投稿: castle | 2009.07.22 16:14

castleさん、こんにちは。拙い文章でした。「人の感情に起因する行動それ自体を経済学で扱うことができるし、そのように扱うことができる原理を人の感情は持っている」という意味でした。

投稿: finalvent | 2009.07.22 18:36

 いい文章ですね。

 このくらい真剣味がある書評なら、手に取ってみようという気もしますよ。

投稿: 野ぐそ | 2009.07.23 00:03

うーん、せっかくここまで書き込んでくださったのだから、では、あまりスミスの同時代人たちに関心を持たなかったマルクスやケインズがスミスをどう誤読していて、その誤読の原因は何だったのか(もちろん、リカードがスミスから捨象してしまった部分でしょうけれど)を多少追究して欲しかったと思います。

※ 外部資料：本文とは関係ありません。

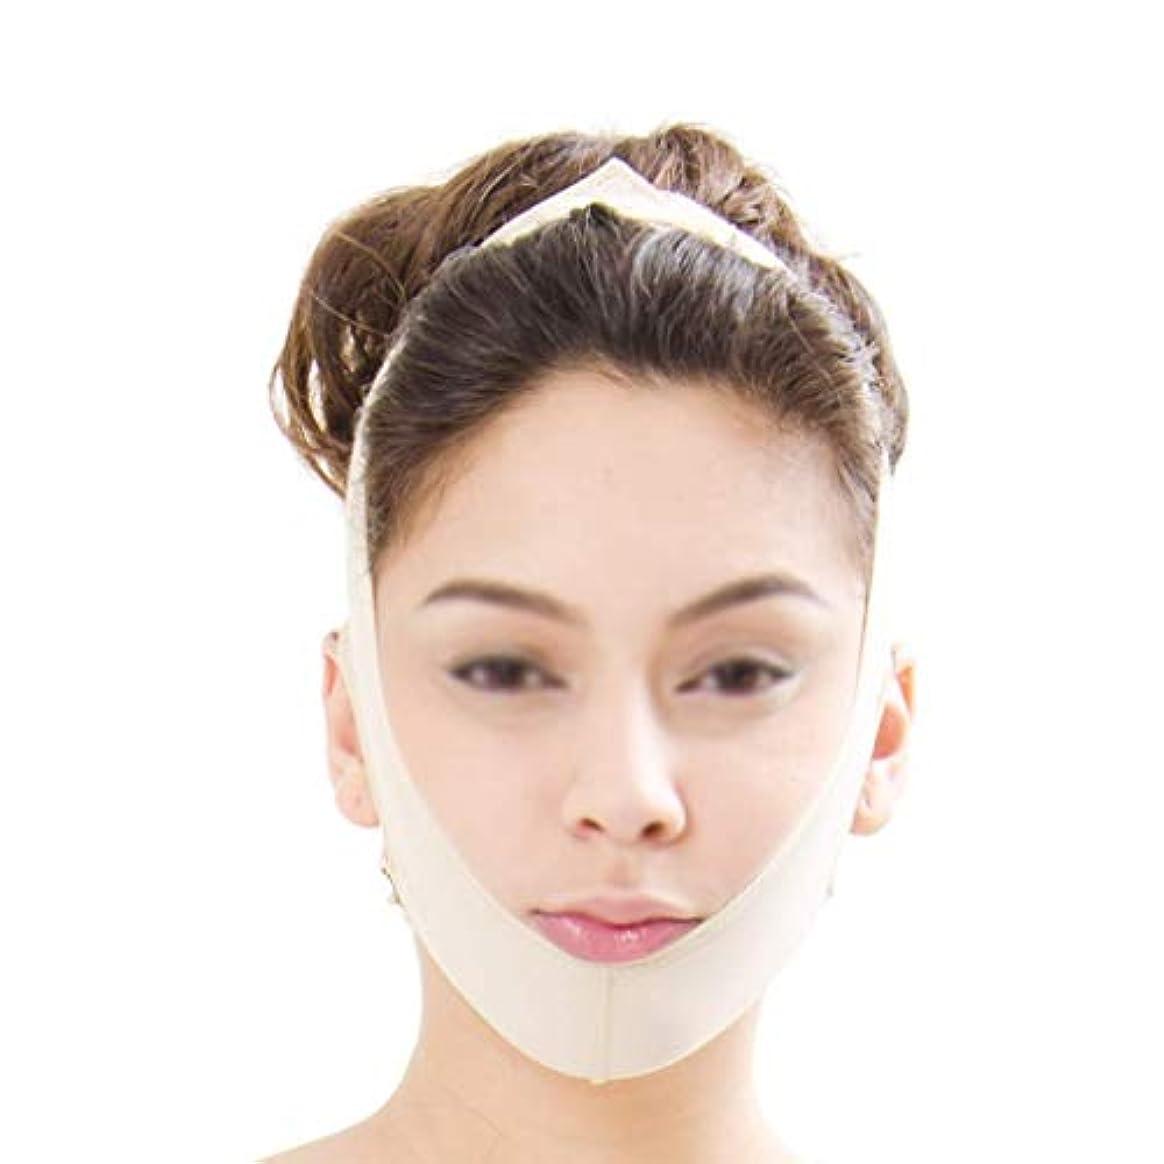 あえぎ誓うオーバーフローフェイススリミングバンデージ、フェイスリフティングマスク、フェイスリフティングバンデージ、フェイシャル減量マスク、ダブルチンケア減量(サイズ:M),M

まあ、わたしは、そのうち、マルサスやバジョットについて、多少勉強してからアダム・スミスの著作を勉強したいと思います。そんなことをしてみると、ハイエクがスミスをどう誤読(意図的な誤読かもしれません)していたかに光が当たるような気がします。

なんにせよ、現代の経済学研究・学習は、起業家精神を喚起しないのなら、そうたいして意味があるとも思えません。セイ-シュンペーターがおそらく現代経済学の主潮流(?)。